## Problem requirements
Starting at the line that contains "Nun one line", retype each line to the end of the listing below. Include both ends, but not the pictures.

**** Input data ****

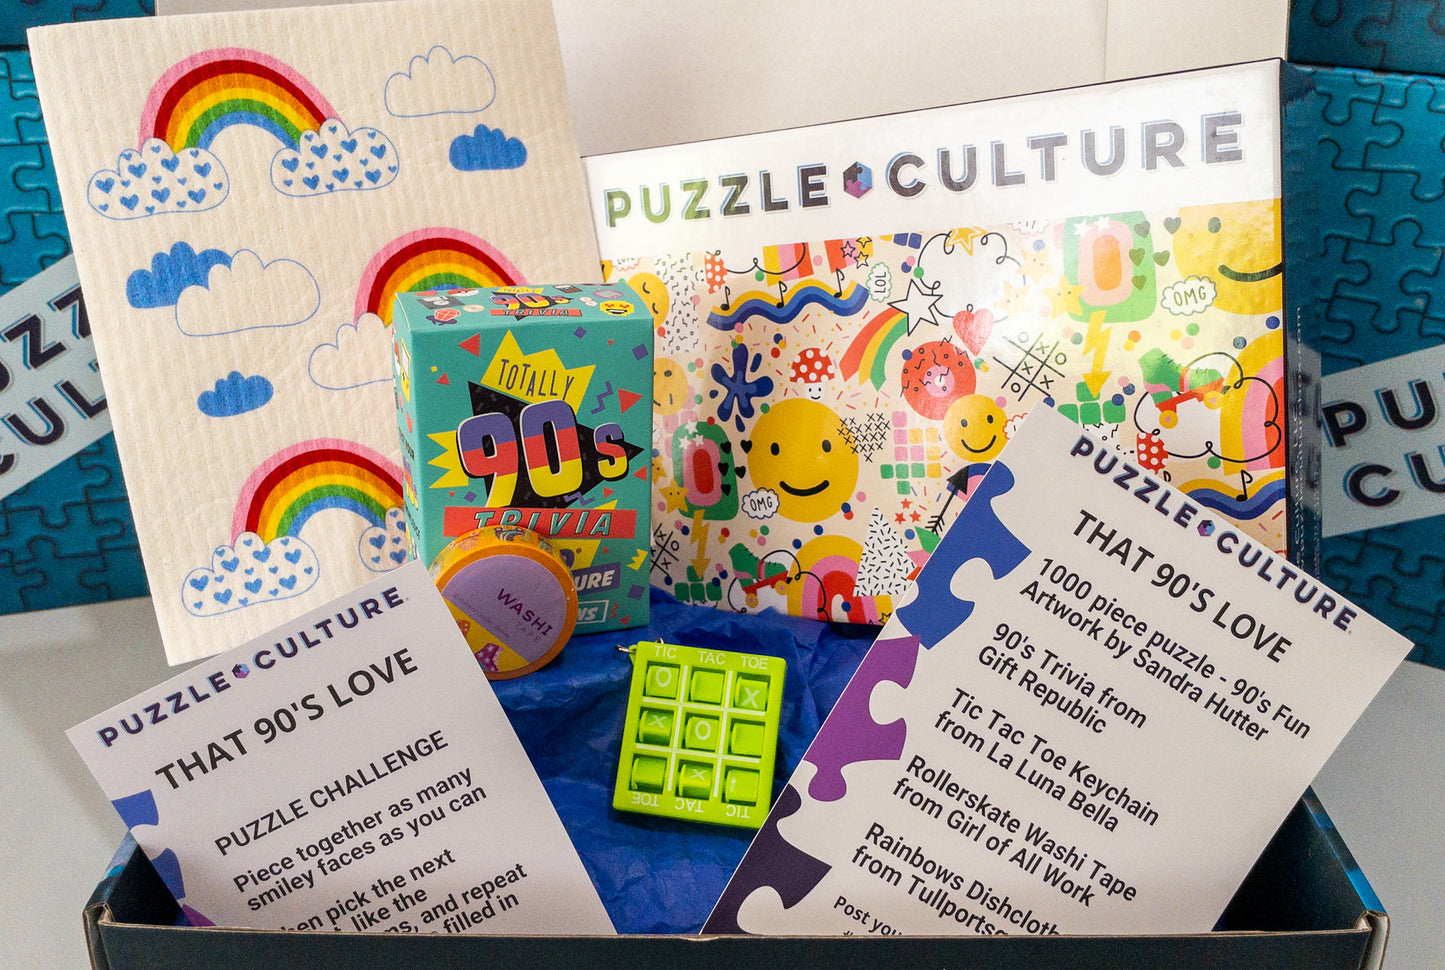 90's Love Puzzle Culture Subscription Past Box example
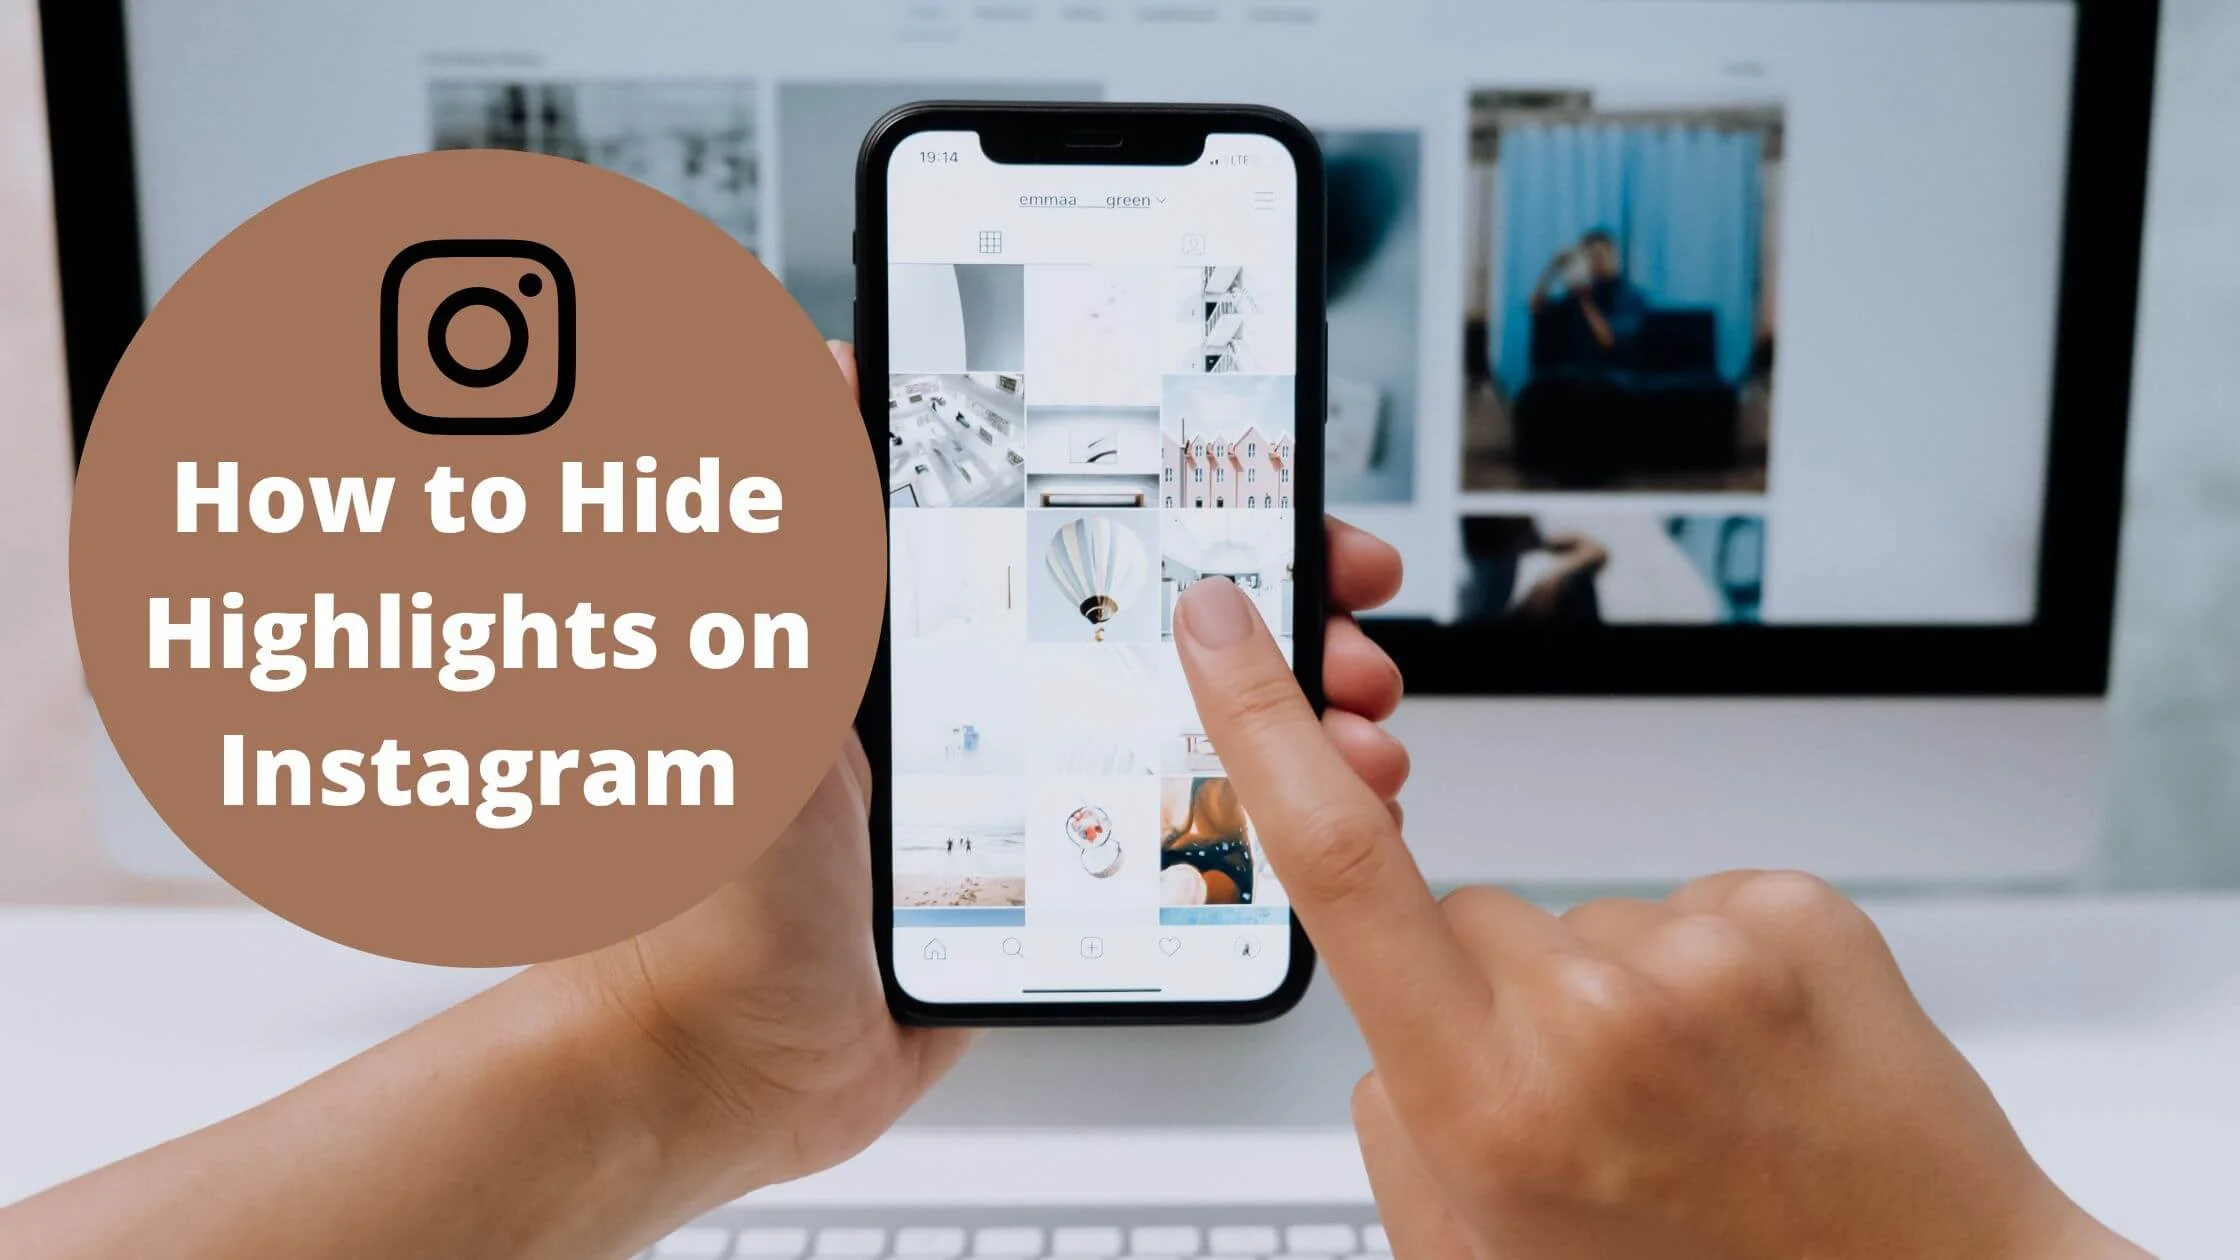 Hide Highlights on Instagram
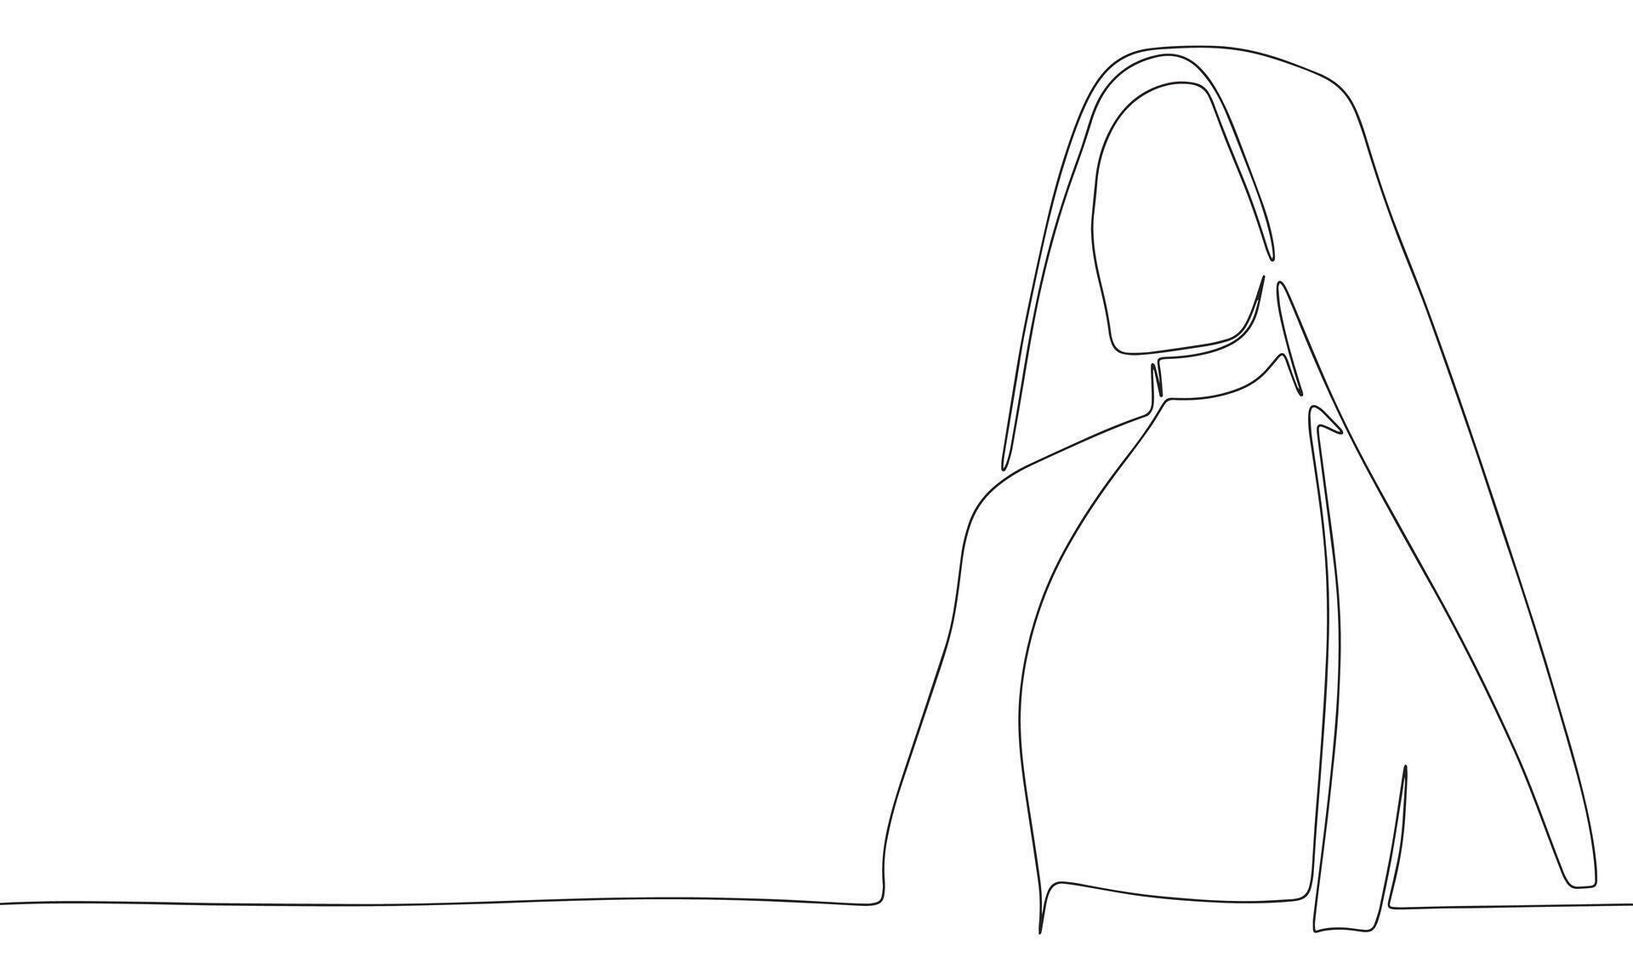 Nun one line continuous. Line art Christian nun, religion banner concept. Hand drawn vector art.
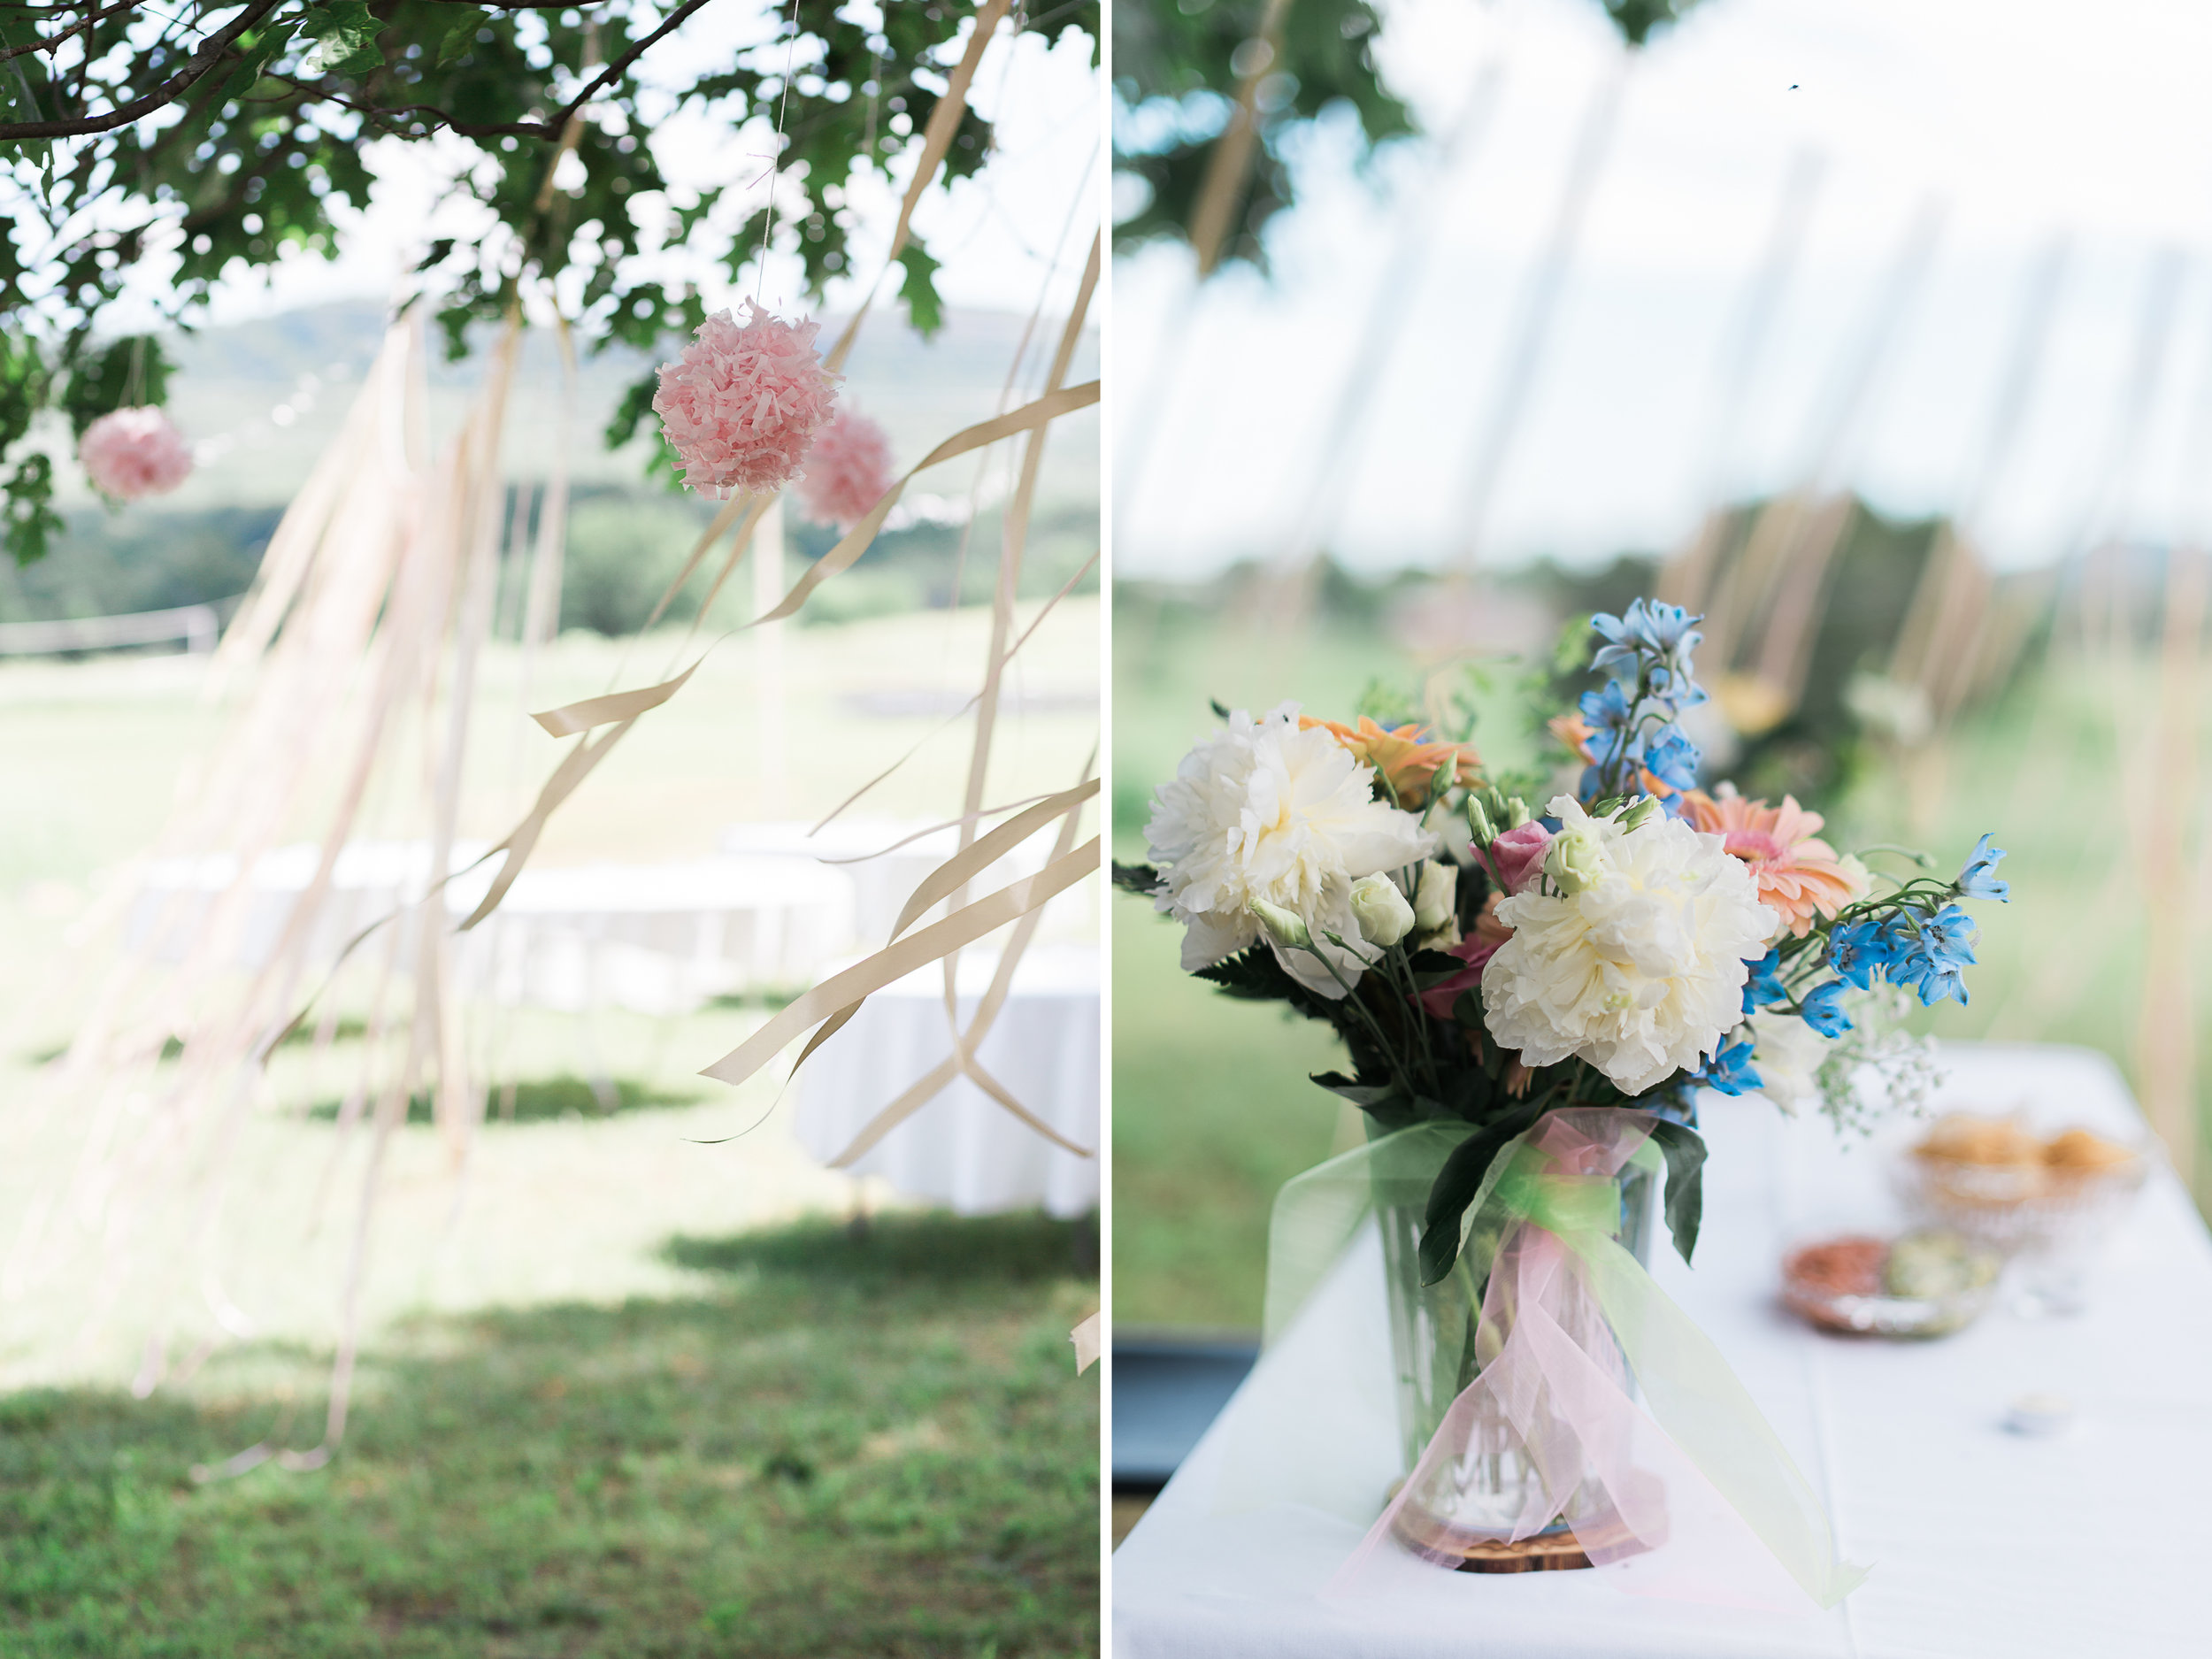 Backyard Wedding Photography in the Berkshires

****

## Response to this exercise
 Nun one line continuous. Line art Christian nun, religion banner concept. Hand drawn vector art.
 Backyard Wedding Photography in the Berkshires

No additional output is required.